💾 Archived View for d.moonfire.us › blog › 2024 › 03 › 21 › switching-ceph-to-seaweedfs captured on 2024-05-10 at 10:33:44. Gemini links have been rewritten to link to archived content
-=-=-=-=-=-=-
At the end of 2023, I realized that I was running out of space on my home [[Ceph]] cluster and it was time to add another node to it. While I had space for one more 3.5" drive in one of my servers, I was feeling a little adventurous and decided to get a DeskPi Super6C[1], a [[Raspberry Pi]] CM4, a large NVMe drive, and try to create a new node that way.
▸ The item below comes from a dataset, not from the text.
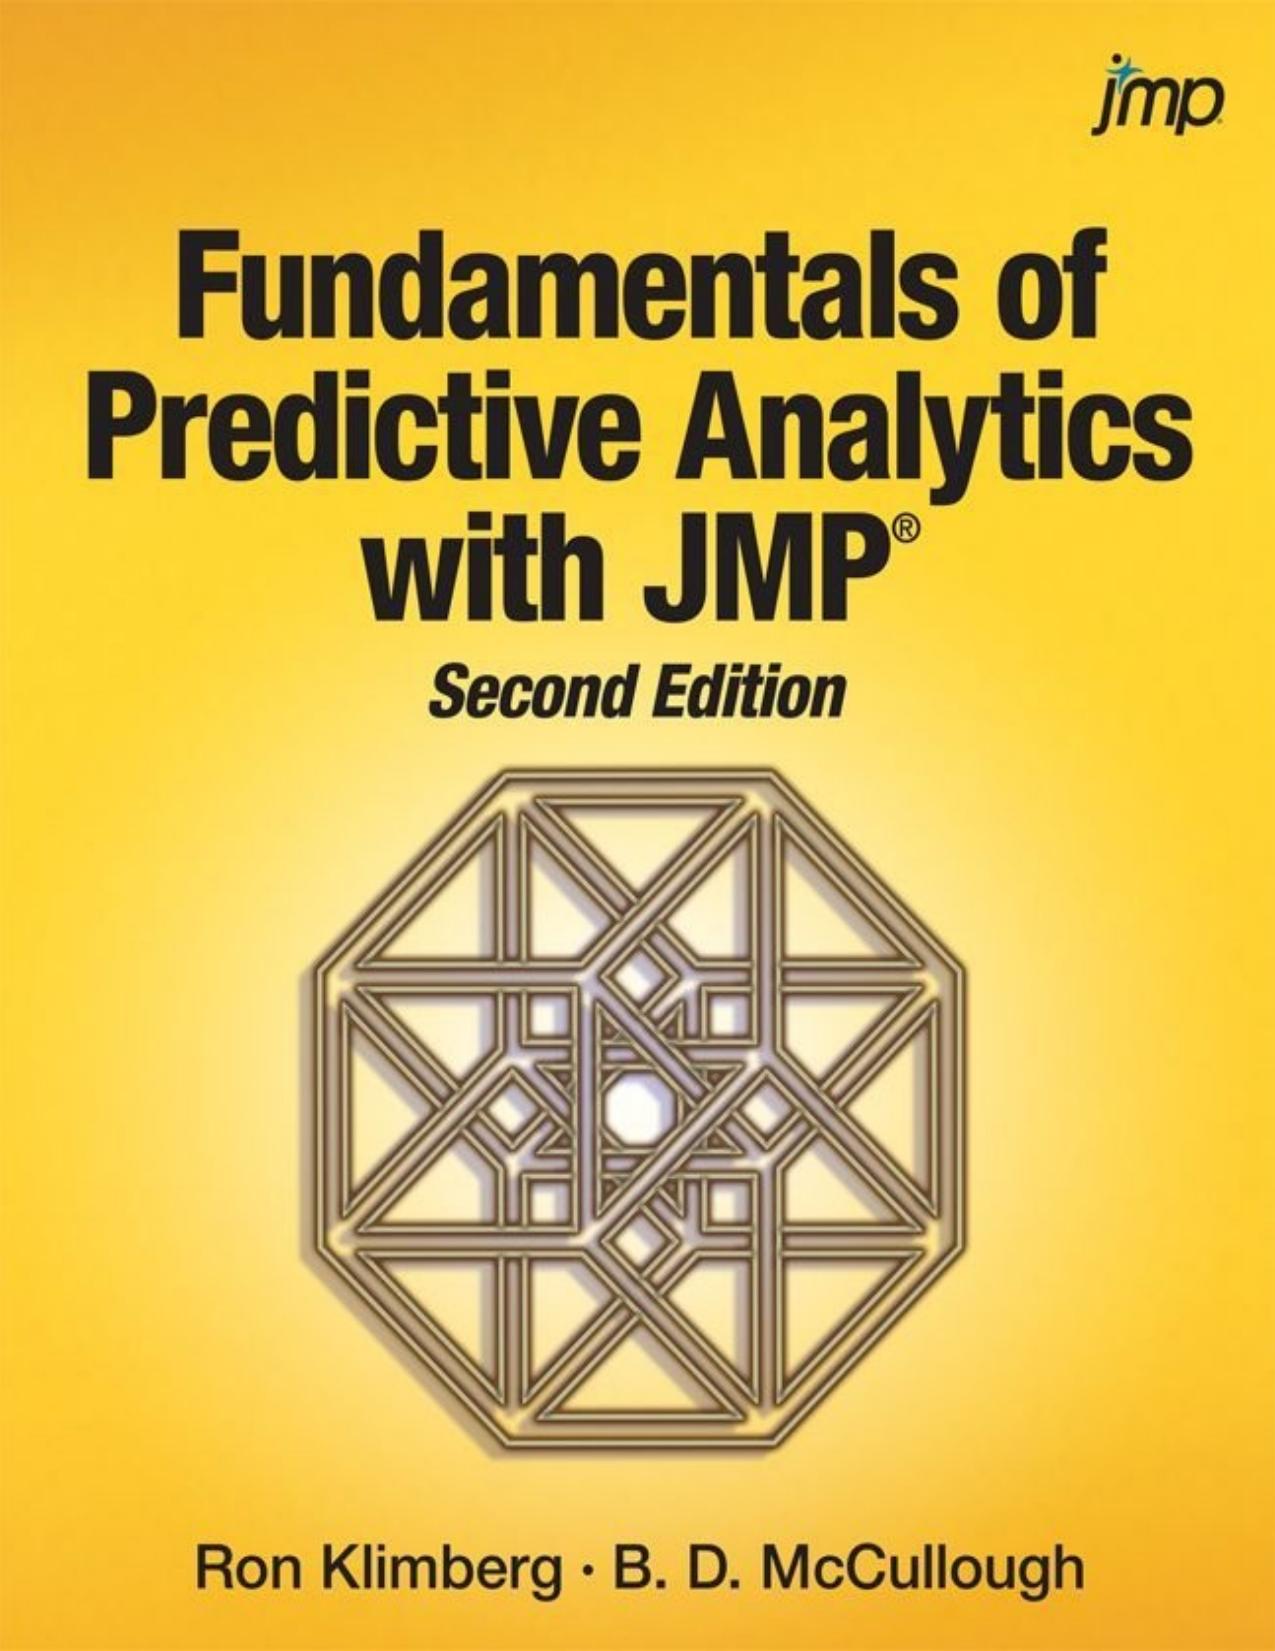 Fundamentals of Predictive Analytics with JMP, Second Edition by Klimberg PhD Ron & B. D. McCullough

1: https://deskpi.com/collections/deskpi-super6c
Well, over the following few months, a lot of mistakes were made that are worthy of a dedicated post. But, when most of those problems were resolve, I encountered another series of “adventures” which led me to switching out my home's Ceph cluster for a [[SeaweedFS]] one.
Around the time I was working on the Pi setup, my [[NixOS]] flake was unable to build the `ceph` packages. Part of this is because I was working off unstable and so the few weeks of being unable to build meant I couldn't get Ceph working on the new hardware. I tried even compiling it myself, which takes about six hours on my laptop and longe because I had to remote build on the Pi itself since I have yet to figure out how to get [[Colmena]] to build `aarch64` on my laptop.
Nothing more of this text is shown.